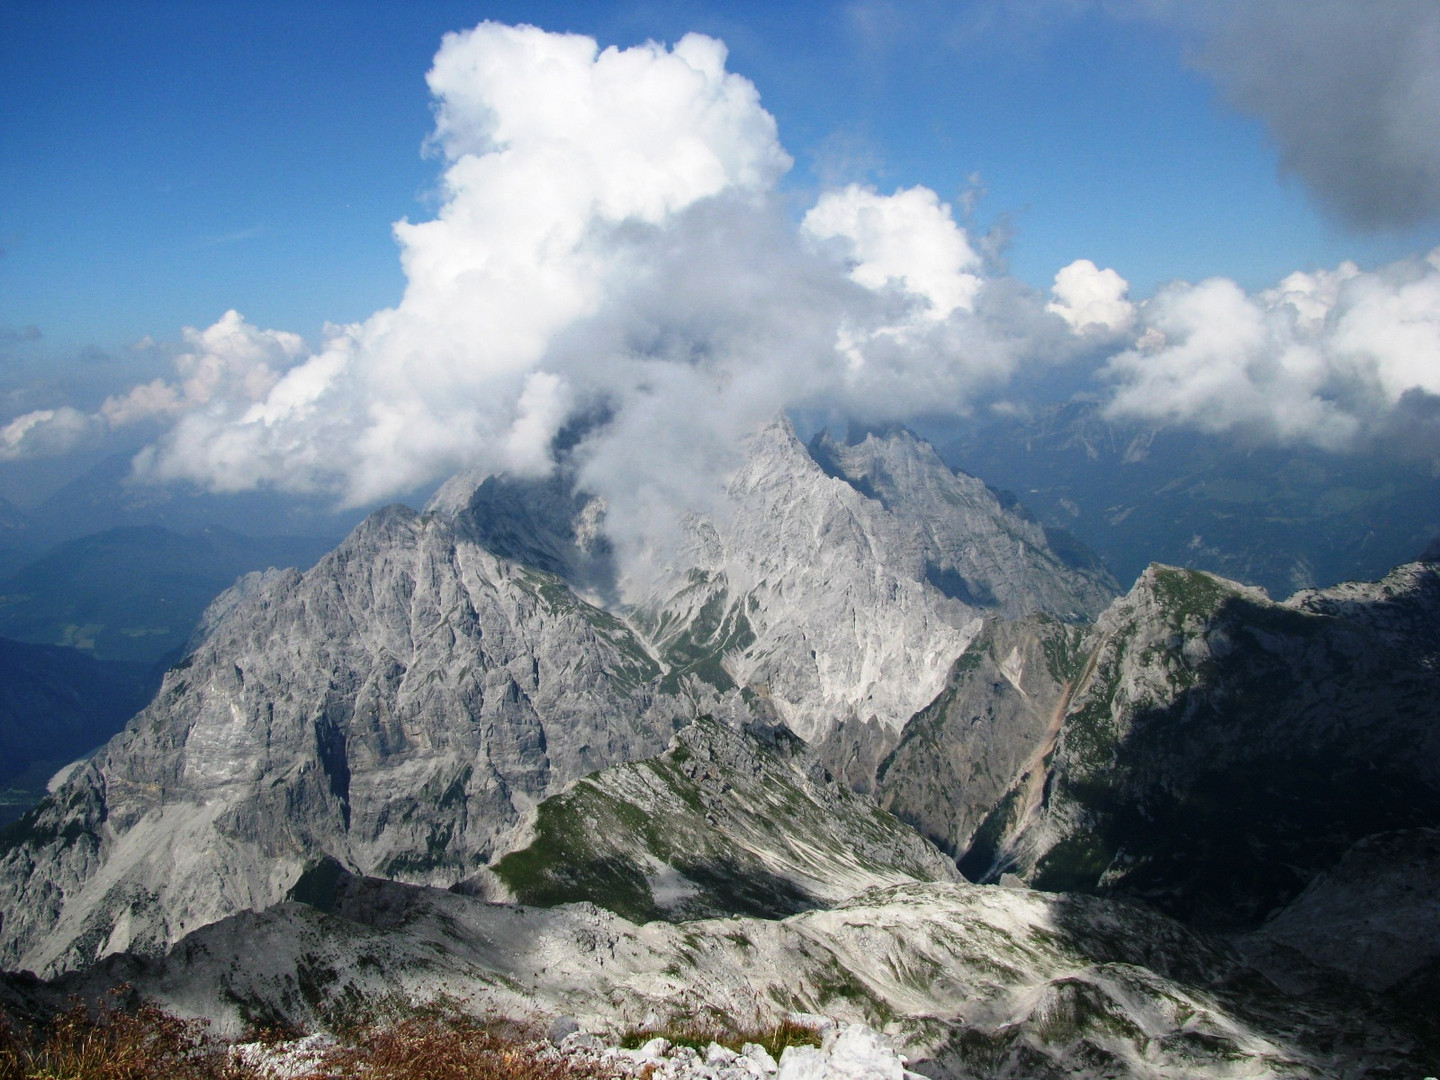 Blick auf die Watzmann Südspitze vom großen Hundstod (2593m) aus gesehen
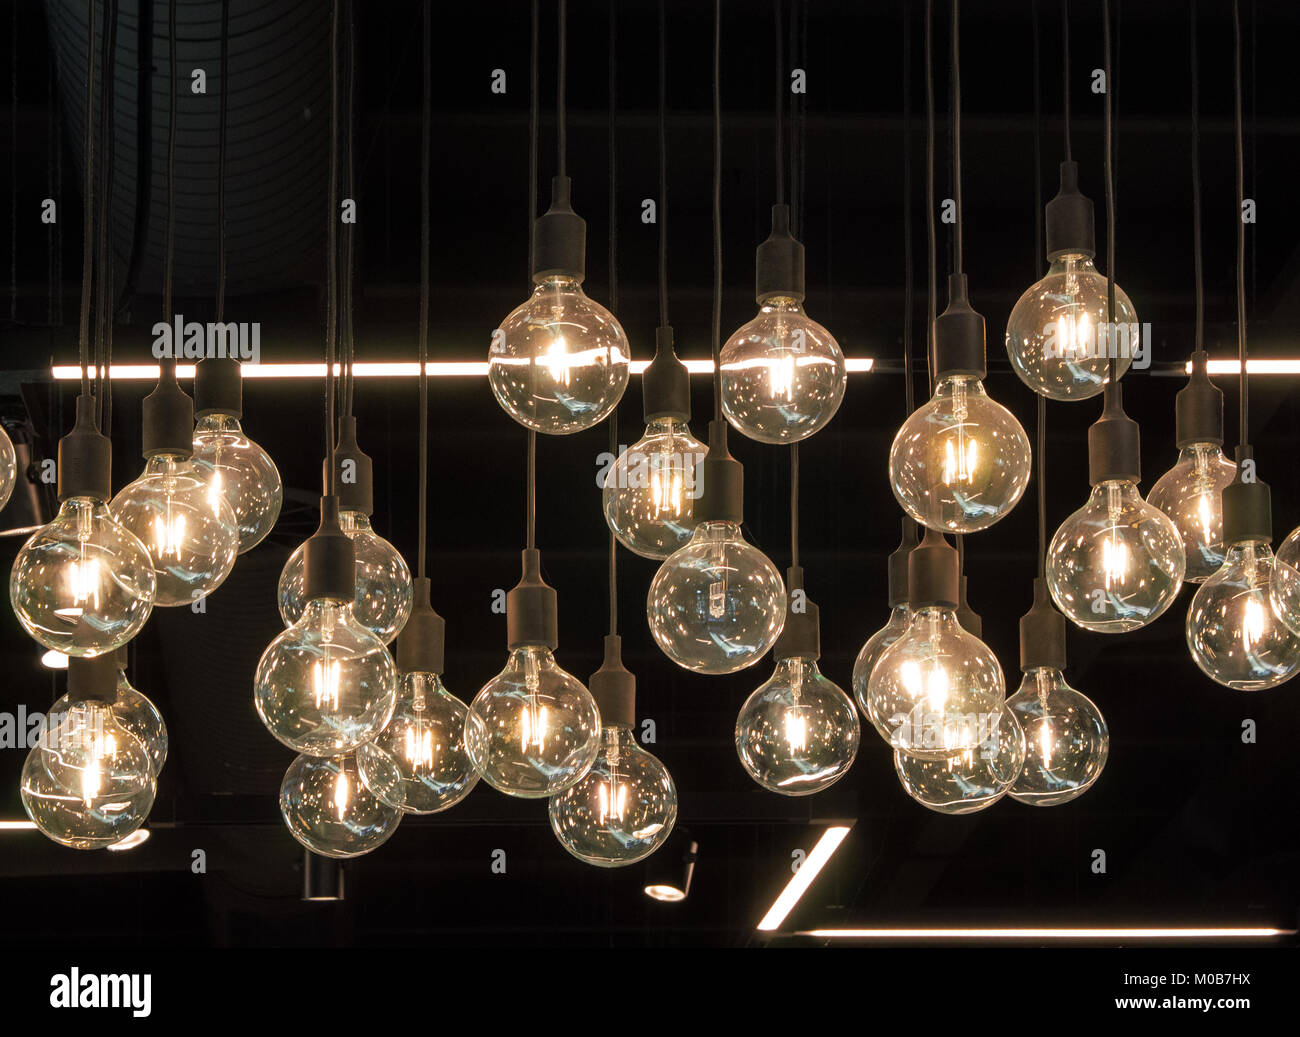 Die erstaunliche Wirkung von Dutzenden von LED-Lampen in einem dunklen Zimmer Stockfoto
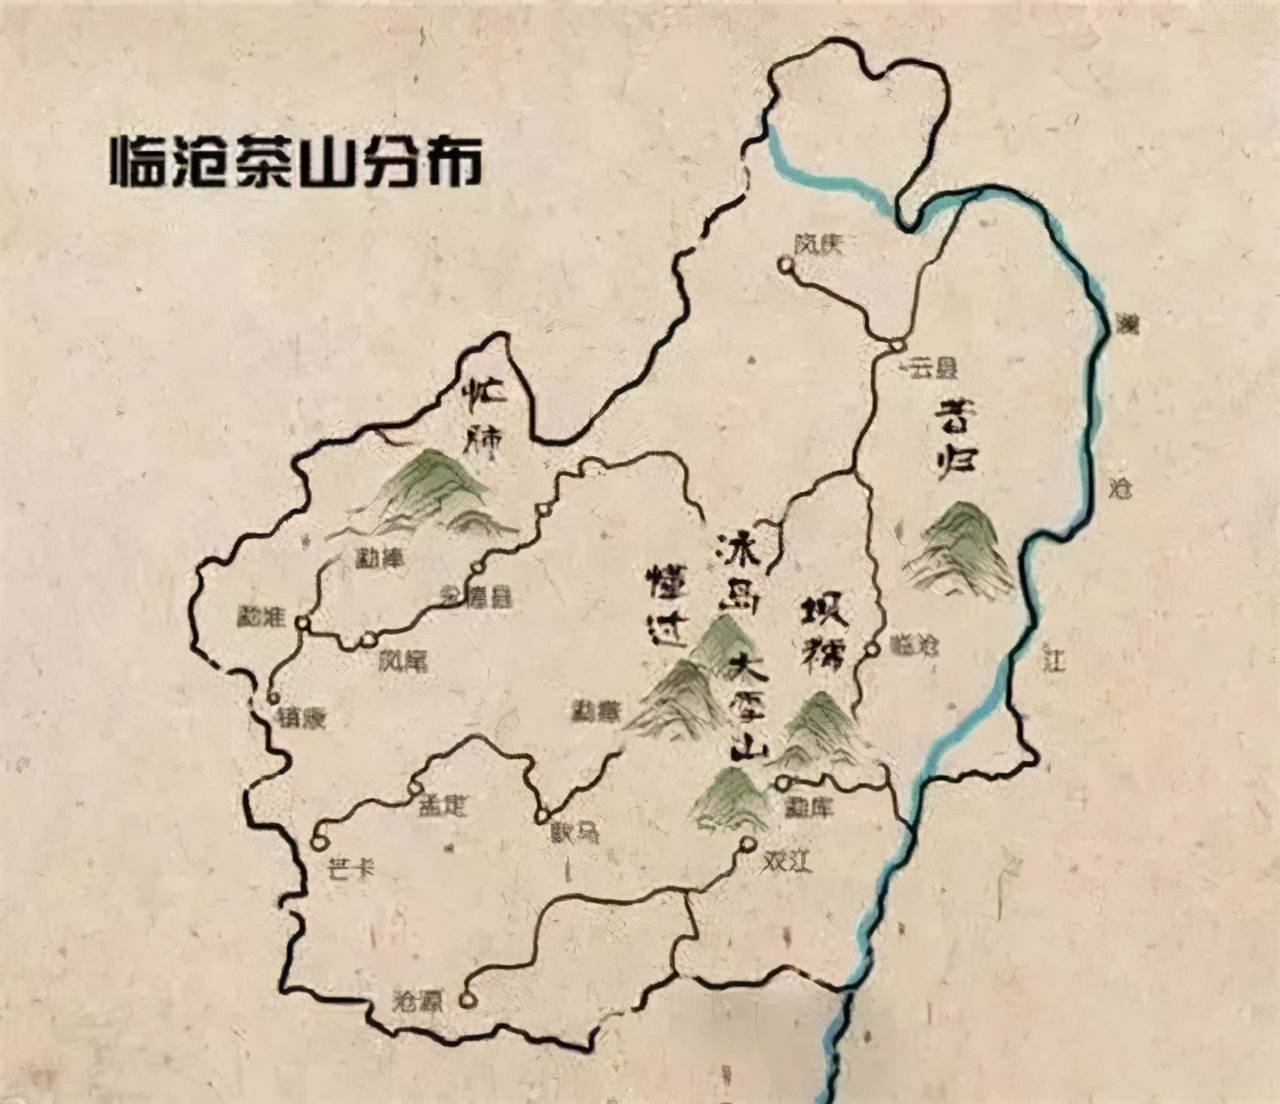 临沧产茶区域主要集中在沧源,双江,凤庆,云县等地,其中享誉世界的万
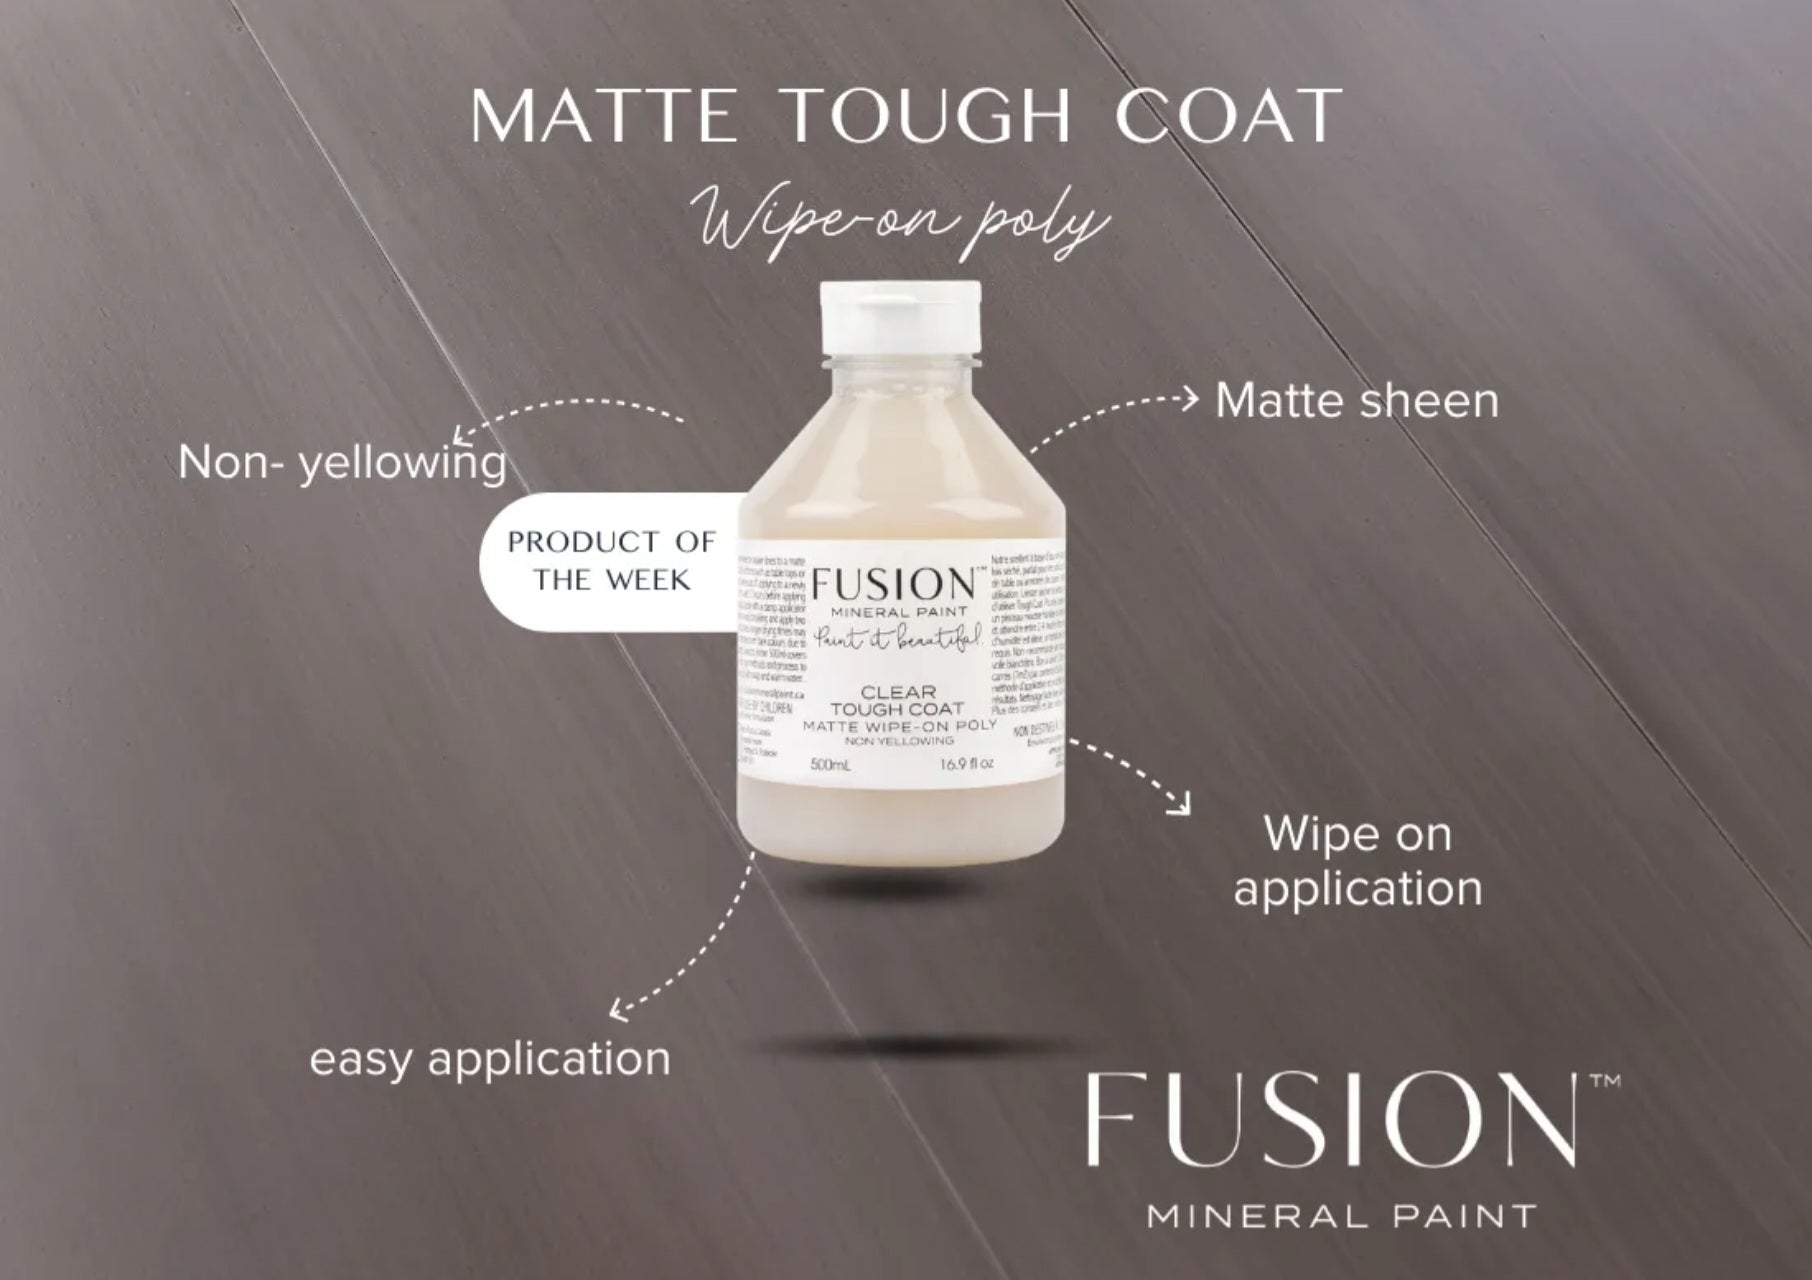 Fusion Mineral Paint Matte Tough Coat Characteristics
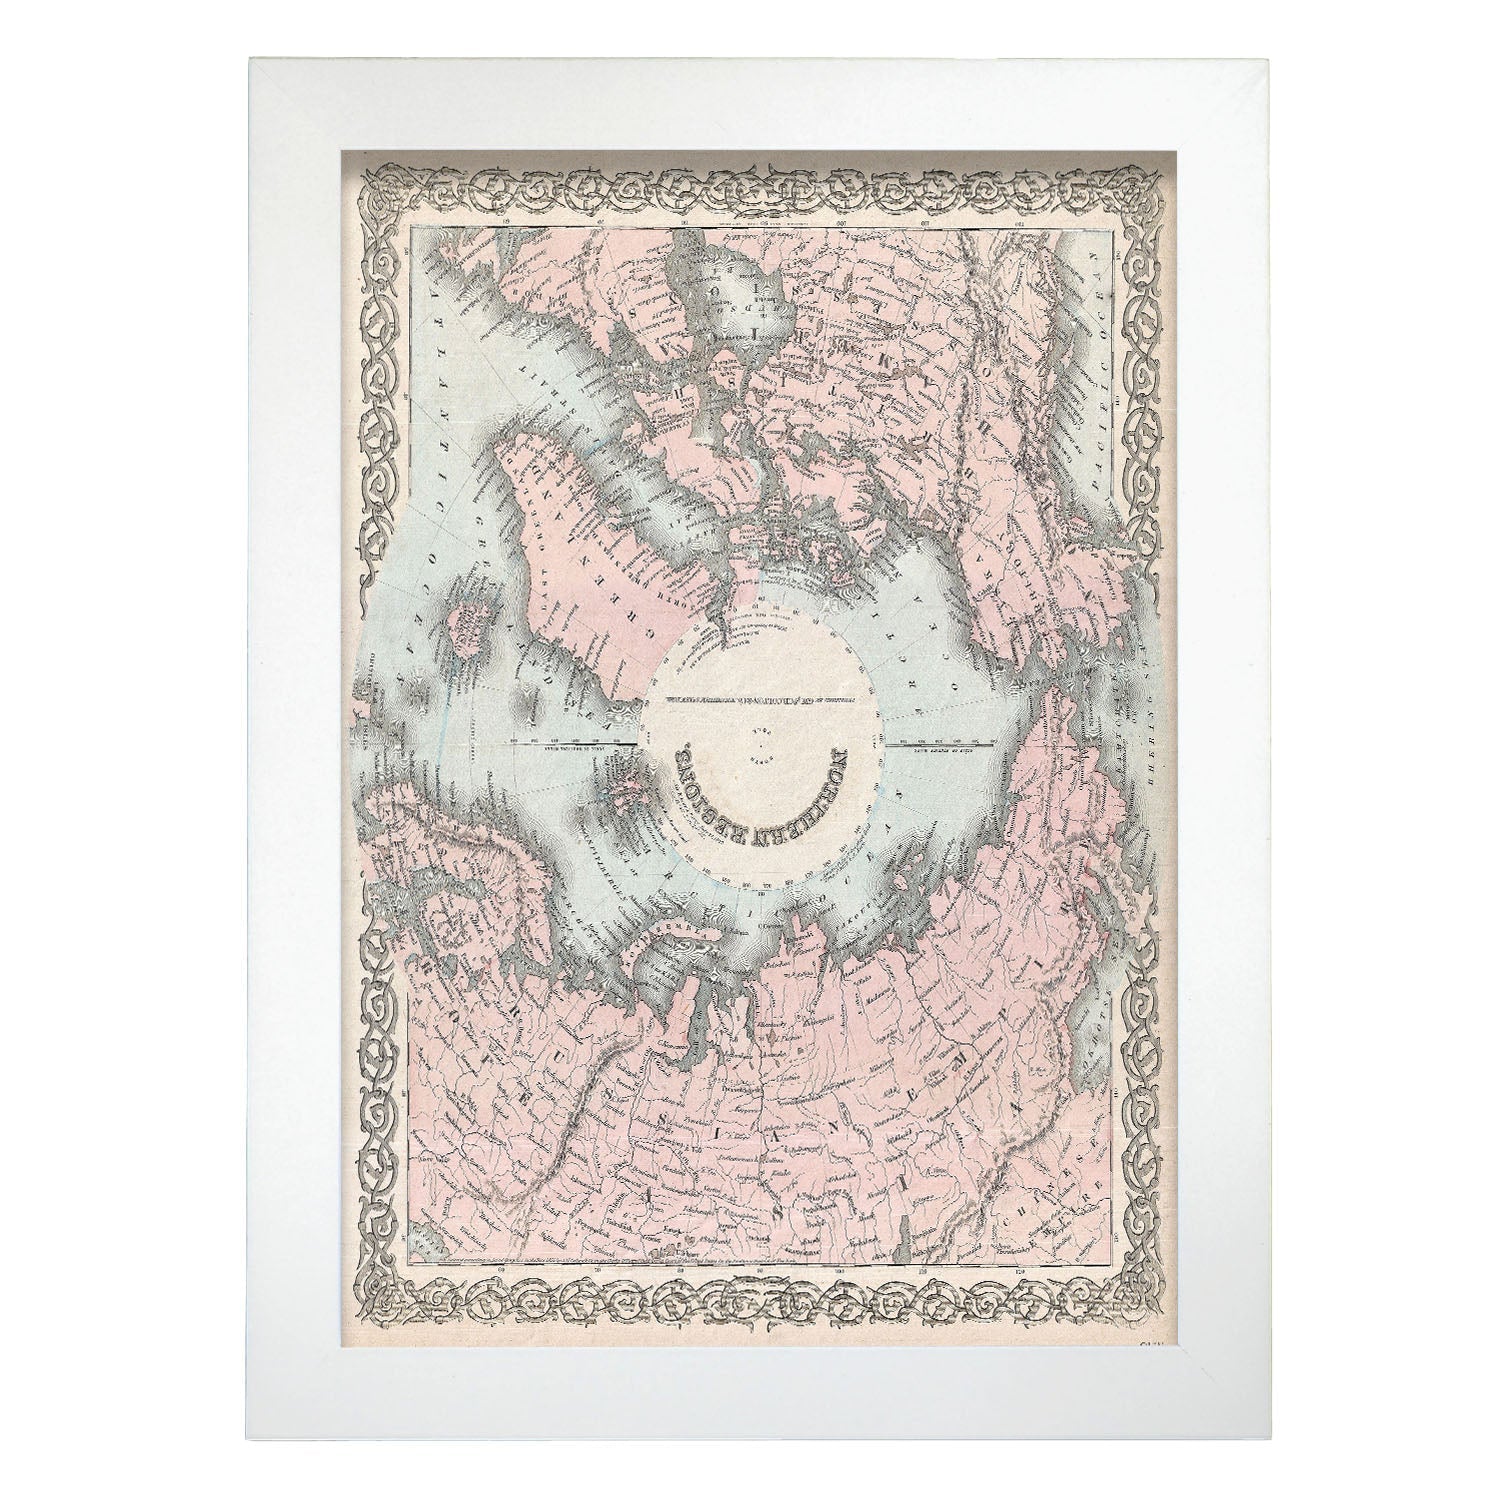 1872_Colton_Map_of_the_North_Pole_or_Arctic_-1855-Artwork-Nacnic-A4-Marco Blanco-Nacnic Estudio SL

Exercise description:
Everything from the line containing "临沧产茶区域主要集中在沧源,双江,凤庆,云县等地,其中享誉世界的万" to the last line of the listing above is to be written out exactly, except the pictures, and nothing else.

Solution:
 临沧产茶区域主要集中在沧源,双江,凤庆,云县等地,其中享誉世界的万
 Fusion Mineral Paint Matte Tough Coat Characteristics
 1872_Colton_Map_of_the_North_Pole_or_Arctic_-1855-Artwork-Nacnic-A4-Marco Blanco-Nacnic Estudio SL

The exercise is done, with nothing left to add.